Repeat what the lines below say, word for word, and skip every image.
══ Source data ══
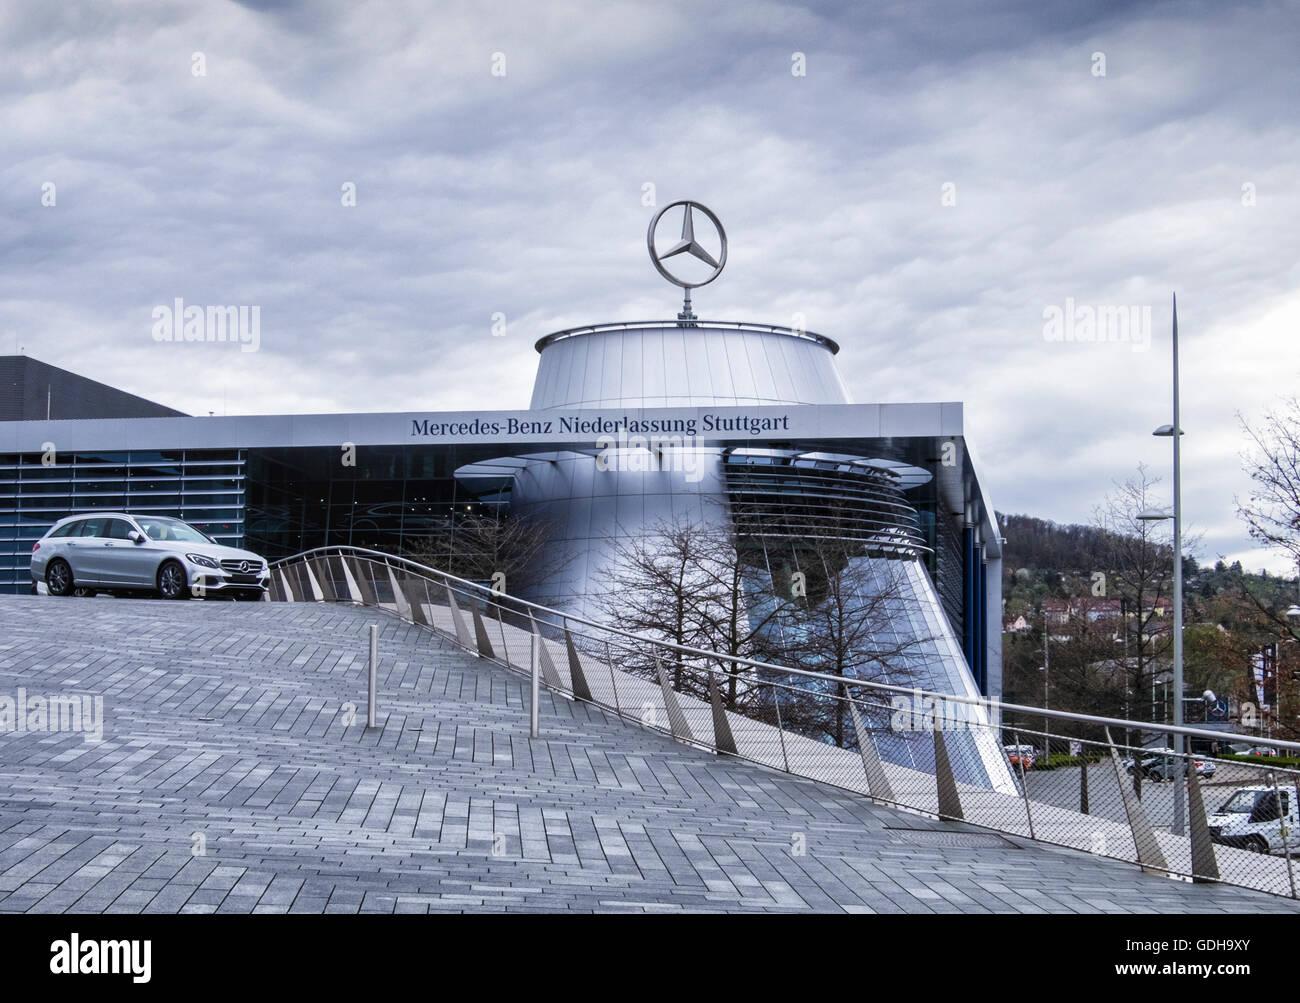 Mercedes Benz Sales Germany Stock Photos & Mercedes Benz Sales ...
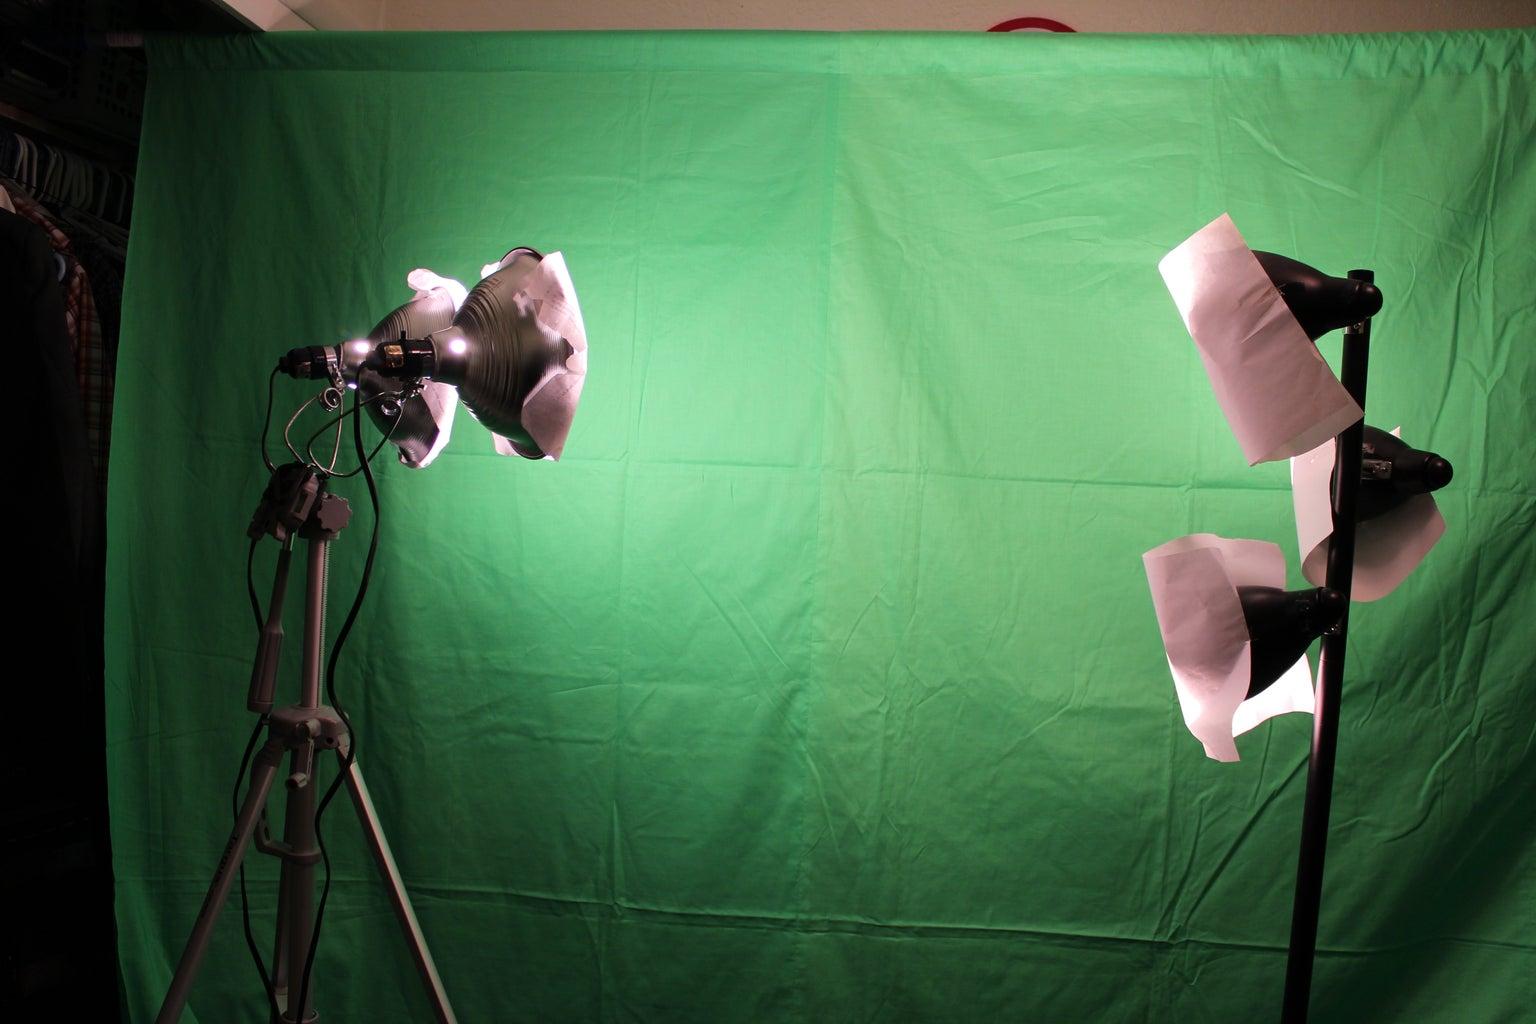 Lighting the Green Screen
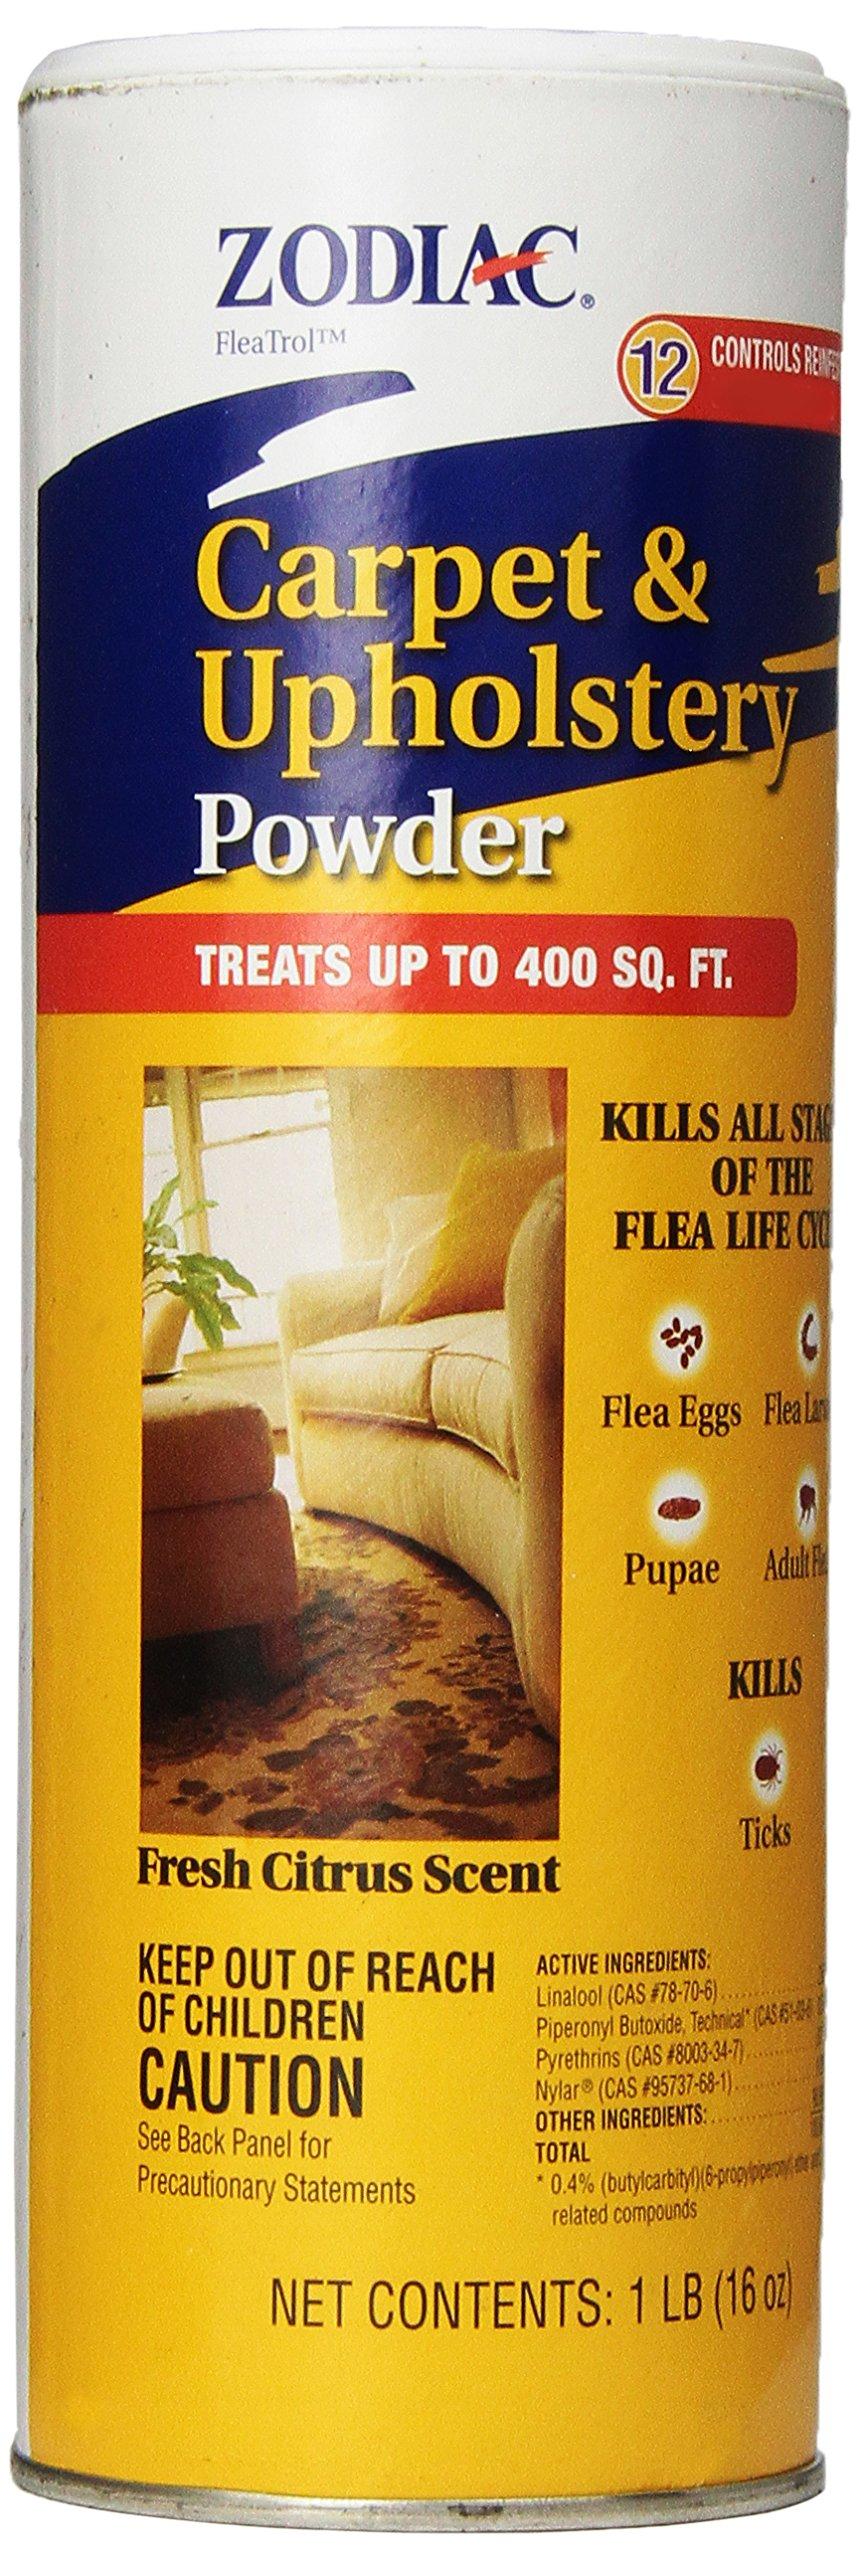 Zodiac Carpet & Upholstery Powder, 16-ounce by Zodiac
═══
Written response>
 Mercedes Benz Sales Germany Stock Photos & Mercedes Benz Sales ...
 Lighting the Green Screen
 Zodiac Carpet & Upholstery Powder, 16-ounce by Zodiac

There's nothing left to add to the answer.